Die Kündigung des eingeräumten Wegerechts durch die Kläger ist hingegen unwirksam, weil ihnen kein Kündigungsrecht zusteht. Denn aus der mit den Voreigentümern getroffenen Weitergabeverpflichtung folgt, dass das Wegerecht auf Dauer fortbestehen und nicht einseitig durch die Kläger beendet werden können sollte. Dieser Kündigungsausschluss ist wirksam (vgl. BGH, Urteil vom 07.05.1975 – VIII ZR 210/73, BGHZ 64, 288). Im vorliegenden Fall ist grundsätzlich auch § 544 BGB bereits deswegen nicht anwendbar, da die Vereinbarung des Wegerechts unentgeltlich erfolgte und der Leihvertrag (§§ 598 ff. BGB) anders als der Mietvertrag keine Bindungsgrenze kennt. Auch wenn eine analoge Anwendung der Vorschrift auf Verträge der vorliegenden Art angezeigt sein sollte, wäre die Bindungszeit im vorliegenden Fall noch nicht abgelaufen. Denn trotz des in eine andere Richtung weisenden Wortlauts („Verpflichtung… übernommen“) ist die Vereinbarung der Kläger mit ihren Voreigentümern nicht als Übernahme einer bestehenden Verpflichtung nach § 415 BGB auszulegen, sondern als Neubegründung einer eigenen Verpflichtung zugunsten Dritter, §§ 133, 157 BGB. Dass die Kläger eine Rechtsbeziehung zu dem im Vertrag weder nach Name noch nach Anschrift ermittelten, ursprünglichen Veräußerer ihres Grundstücks an die Voreigentümer aufnehmen wollten, ist nicht ersichtlich. Insbesondere ist nicht davon auszugehen, dass die Parteien die Wirksamkeit ihrer Vereinbarung davon abhängig machen wollten, dass der ursprüngliche Veräußerer – nach dem klägerischen Vortrag die Siedlungsgesellschaft eines Bergbauvereins – rechtlich fortbesteht. Ein Sonderkündigungsrecht verschaffte eine analoge Anwendung des § 544 BGB den Klägern daher erst im Jahre 2045.
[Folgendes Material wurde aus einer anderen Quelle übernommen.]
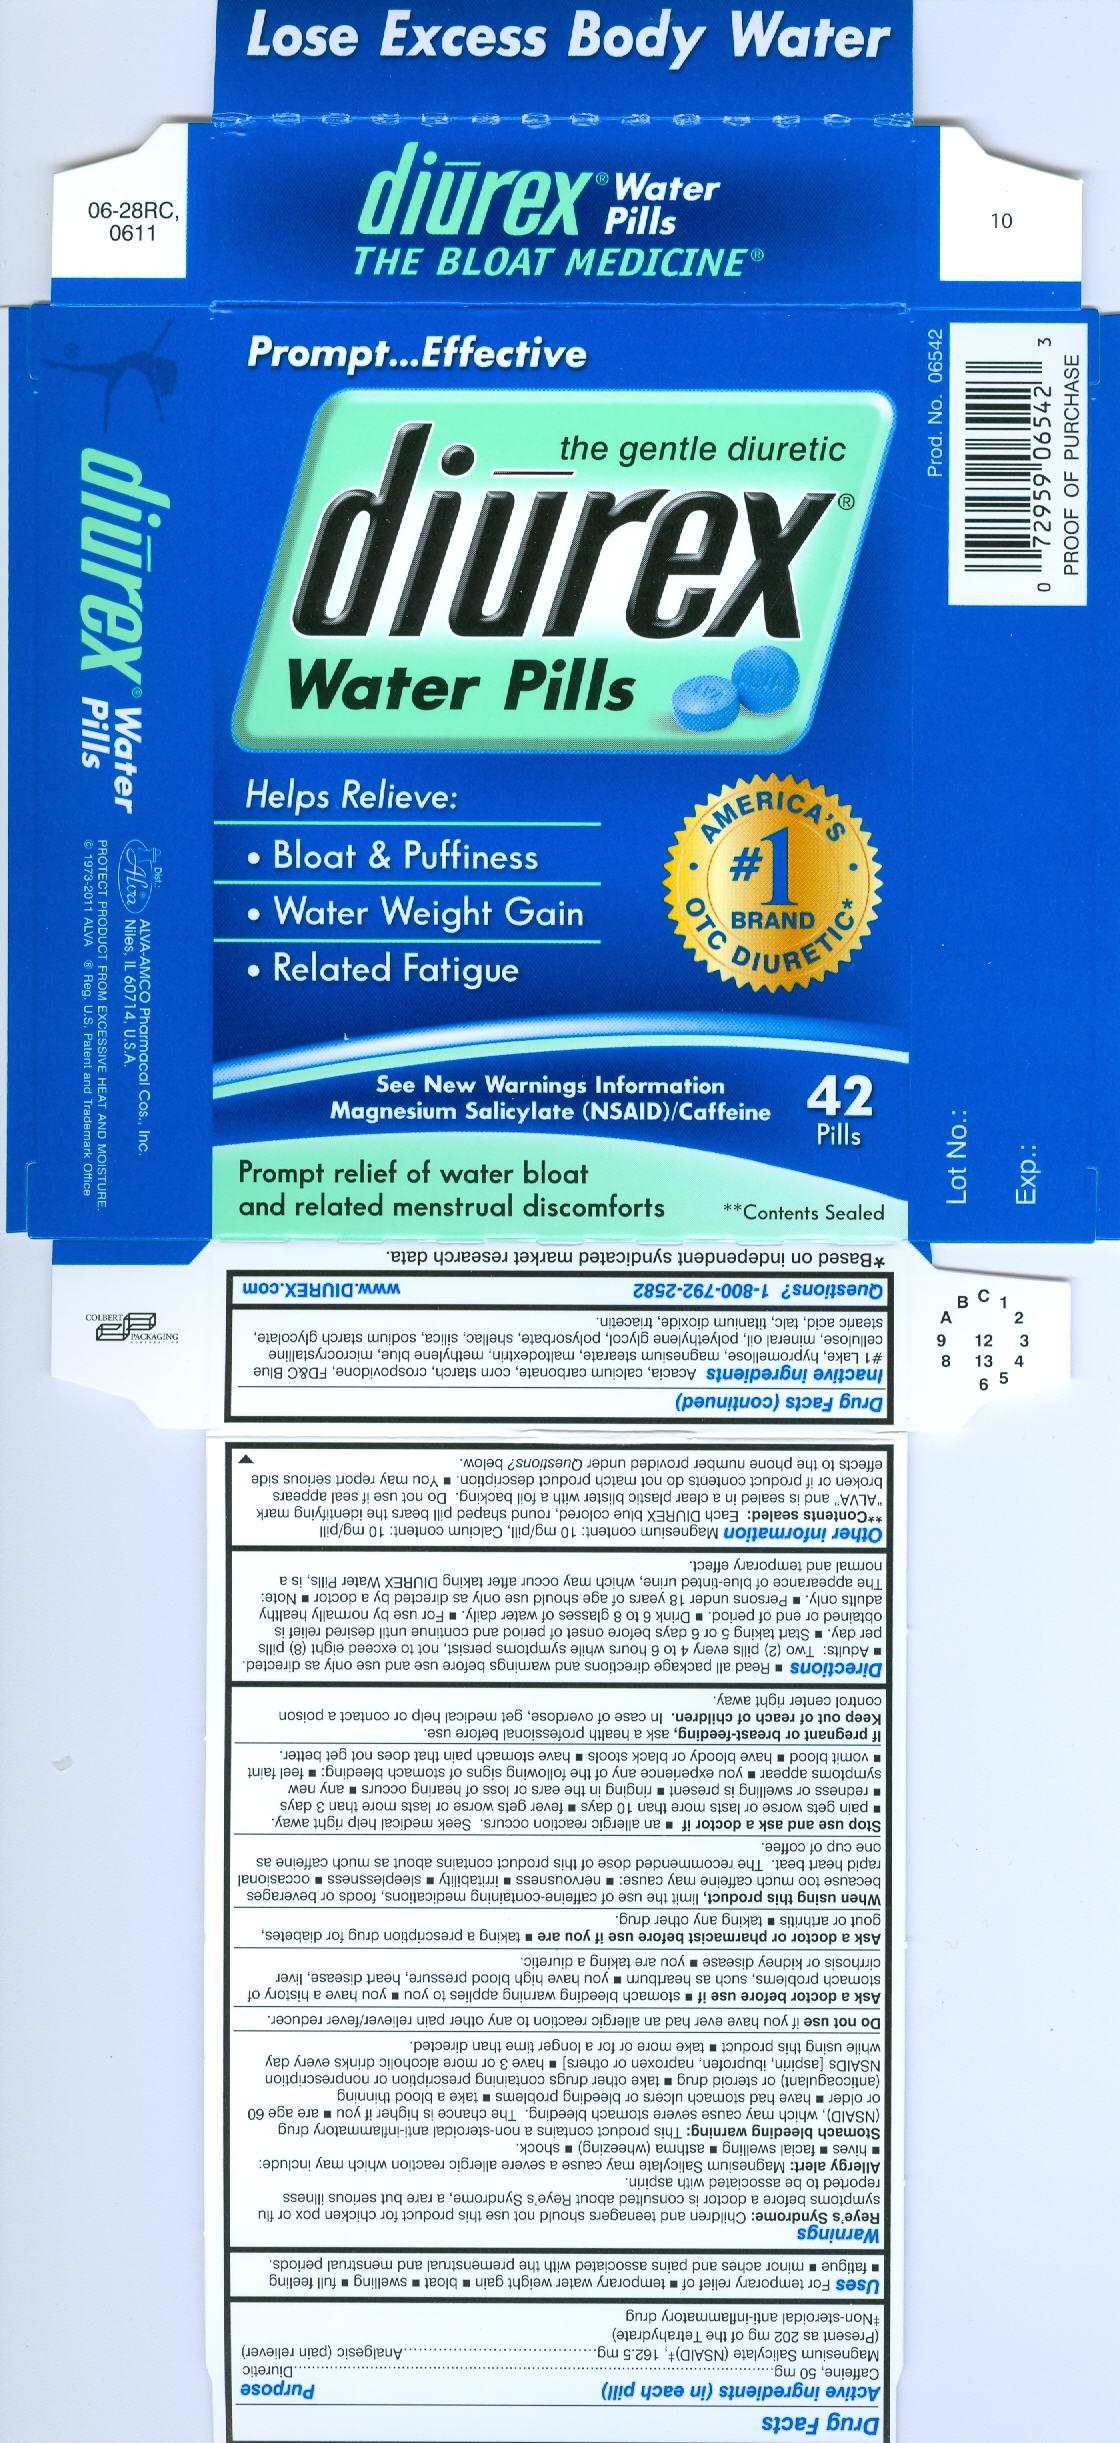 Diurex Water Capsules Water Ionizer

Wie das Amtsgericht zutreffend aufführt, konnten die Kläger auch das einmal zugunsten der Beklagten begründete Wegerecht durch die Änderungsvereinbarung mit ihren Voreigentümern vom 26.08.2019 nicht wieder aufheben. Denn da die Einräumung des Wegerechts weder den Interessen der Voreigentümer noch jenen der Kläger zu dienen bestimmt war, sondern ausschließlich die Beklagten begünstigen sollte, sollte dieses Recht ohne deren Zustimmung weder aufgehoben noch geändert werden können (§ 328 Abs. 2 Hs. 2 BGB). Diese vom Gesetz ausdrücklich vorgesehene Gestaltung kann entgegen der Auffassung der Berufung auch nicht dadurch umgangen werden, den Aufhebungsvertrag als Einwendung im Sinne des § 334 BGB zu qualifizieren; zumal § 334 BGB nach seinem ausdrücklichen Wortlaut lediglich Einwendungen aus „dem“, mithin dem ursprünglichen Vertrag zugunsten Dritter zulässt, nicht jedoch solche aus Folgeverträgen (Staudinger/Klumpp (2020) BGB § 334, Rn. 46).

Es wird Gelegenheit zur Stellungnahme gegeben, zu der durch den Vorsitzenden eine Frist von 3 Wochen ab Zugang des Beschlusses gesetzt wird, § 522 Abs. 2 ZPO.

Gleichzeitig wird angefragt, ob die Berufung aus Kostengründen zurückgenommen wird.